13 Replies to “Radxa ROCK 5C (Lite) SBC features Rockchip RK3588S2 or RK3582 SoC, WiFi 6, Raspberry Pi PCIe FFC connector”

  1. The great thing about this RK3582 is the missing GPU. The GPU on RK3588 cant run with just free software and require a huge closed source software blob. Current reports are that you can more often get all CPU cores working on the SoC but the GPU is really broken.
    You still have a 8k HDMI output and so on with GPU disabled/broken.

    Its a great product for people who would like to run the RK358* with most possible amount of free software.
    (You can run a normal RK3588 with GPU disabled and have same result, but that would be waste of ASIC when you can also take the version with already broken GPU and use that one)
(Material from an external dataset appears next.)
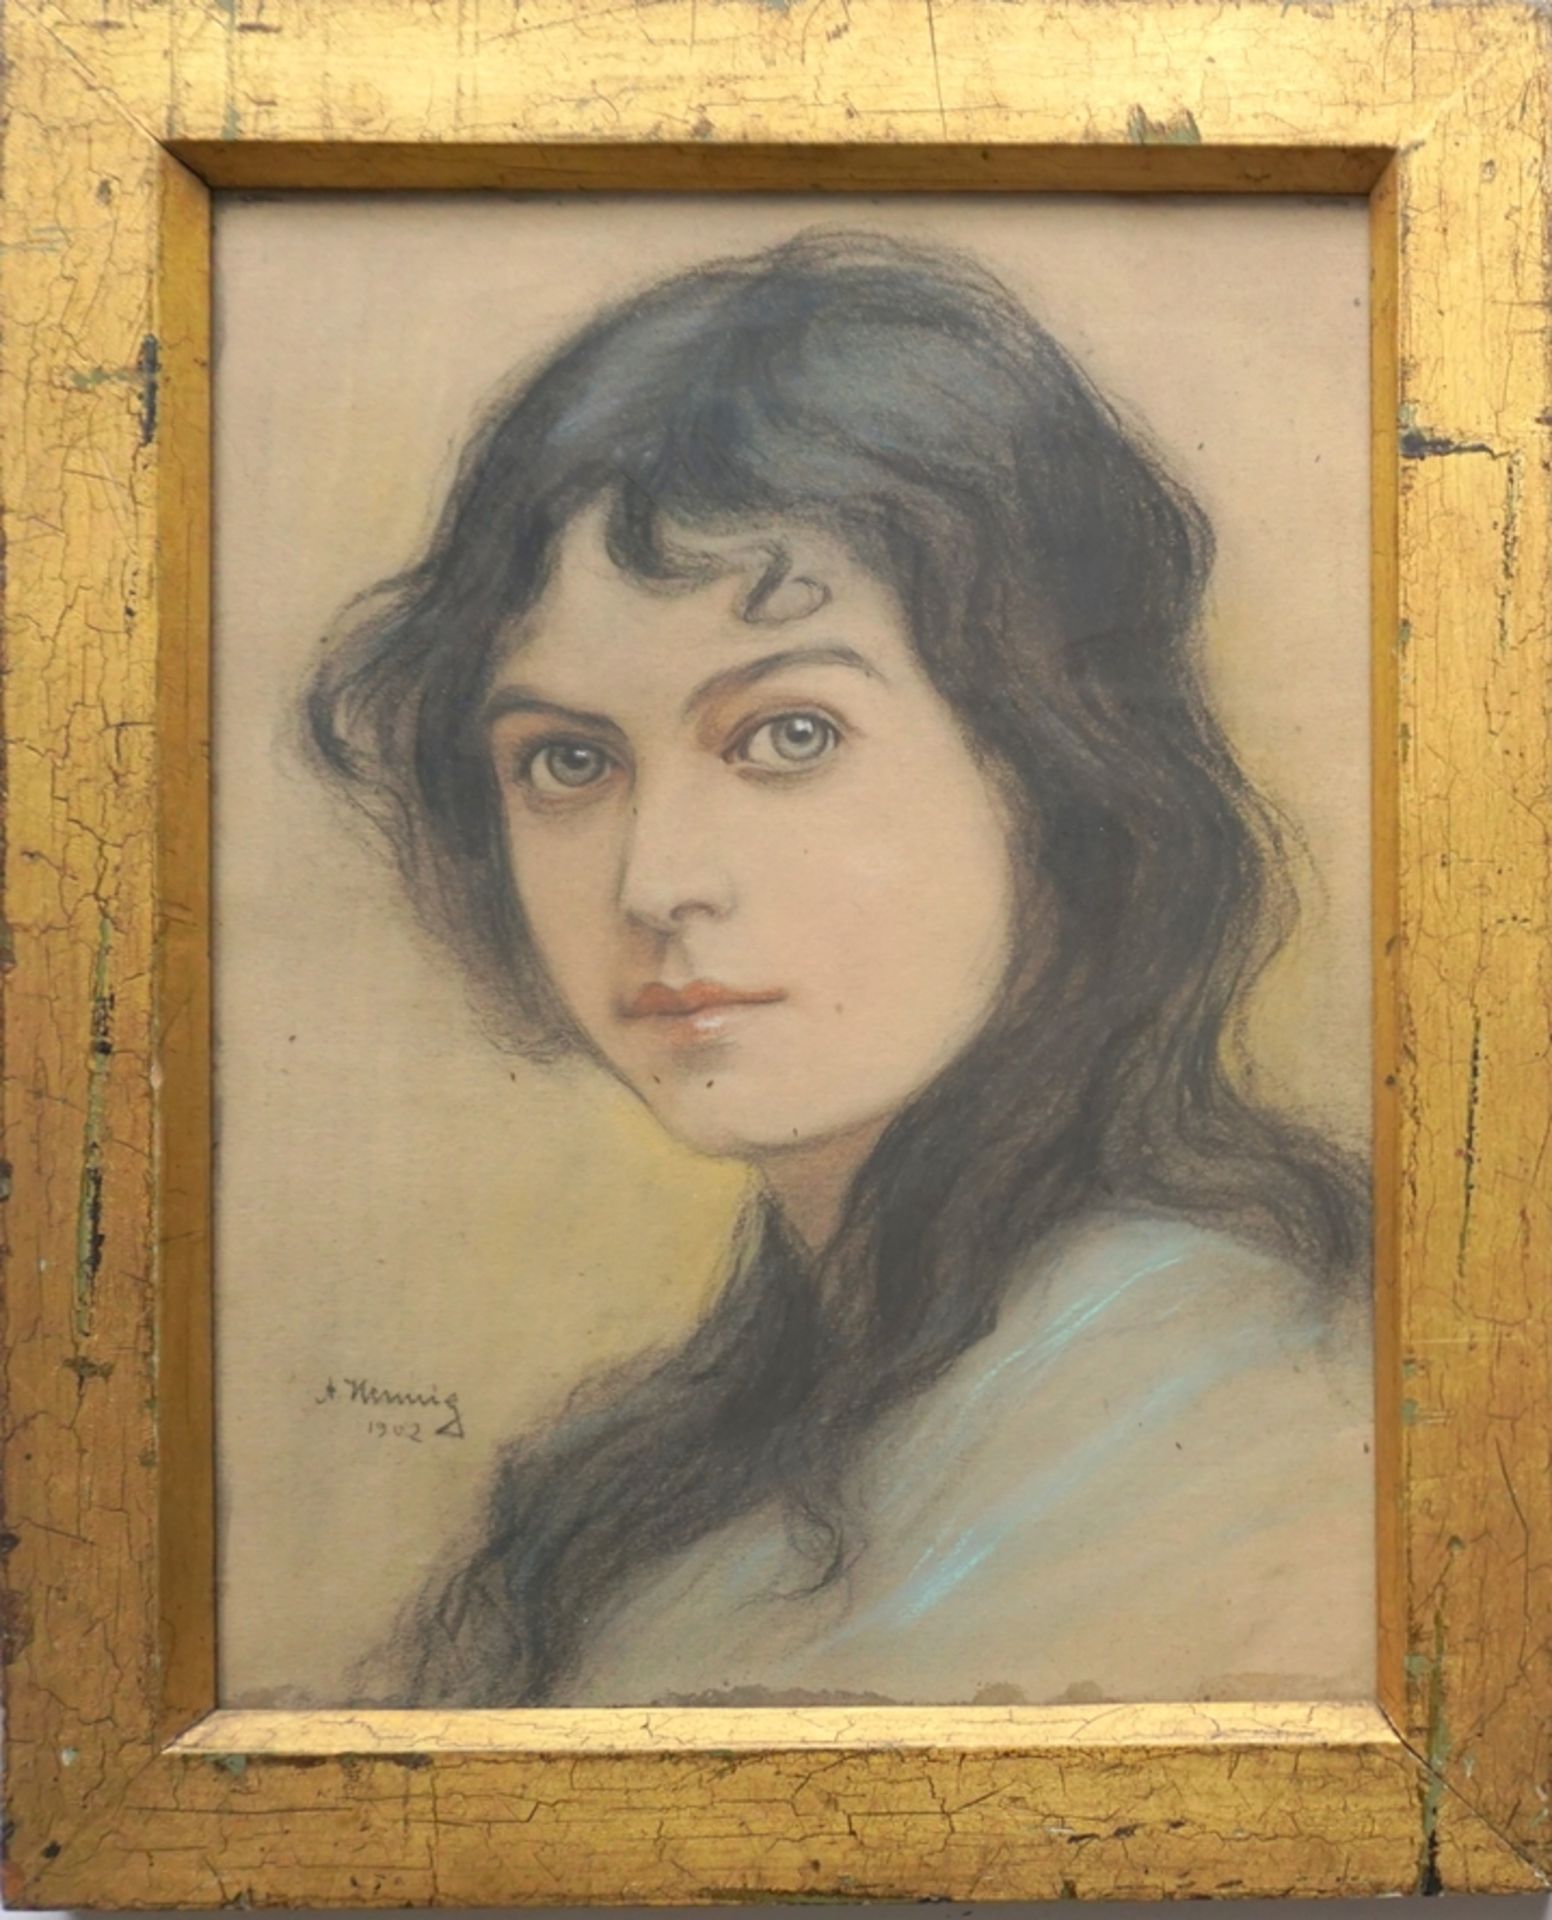 Arthur Hennig (1880, Dresden - 1959), "Mädchenportrait", 1902, Pastellkreide/Papier

      1. What else with less then 10nm manufacturing could be chosen for a modern desktop replacement computer that run without a ram blob and with everything else free?

  2. Still can’t access the Aliexpress products from France. I see the store and categories but they’re all empty. Dear Radxa, could you please keep some 1GB version available for those not fortunate enough to be able to purchase already 😉

  3. Having a SBC without GPU is actually very good idea because you do not need to:
    – wait several year for full support
    – your destop experience will not broken with next distro upgrade
    – you have zero expectations so you more likely will not be frustrated
    – when you upgrade to new SoC also without GPU you cannot say why they are making same mistakes again and agin and my 2k screen is not supported when they declare 32k screen support

    1. [ me being not aware of any Linux distro with ability for easily switching on|off the GPU acceleration for desktop graphical user interface, but also not inside demanding graphic intense programs. Seems A76 cores are very capable of replacing GPU functionality to some extent. ]

      1. When Cinnamon desktop reports it is running in software mode then it is bad. Or Mozilla Firefox without GPU acceleration is sluggish on these Arm-based computers.
        Yes, A76 cores are very capable but I am not sure if Lite version still has JPEG engine and full 2D engine.

        1. Indeed. High quality video playback would often be sluggish, not to mention how hard the CPU would have to run to achieve half decent results. This means higher temps and also more power draw.

          I get the argument that waiting ages for full GPU support is more than a pain, having at least some available is still very preferable for me.

          Granted that if your applications don’t need GPU support there could be advantages from the lower cost but for the average home user I suspect that it’s absence would put most off because of the all round use that would be required, especially if what came before did have such functionality by default.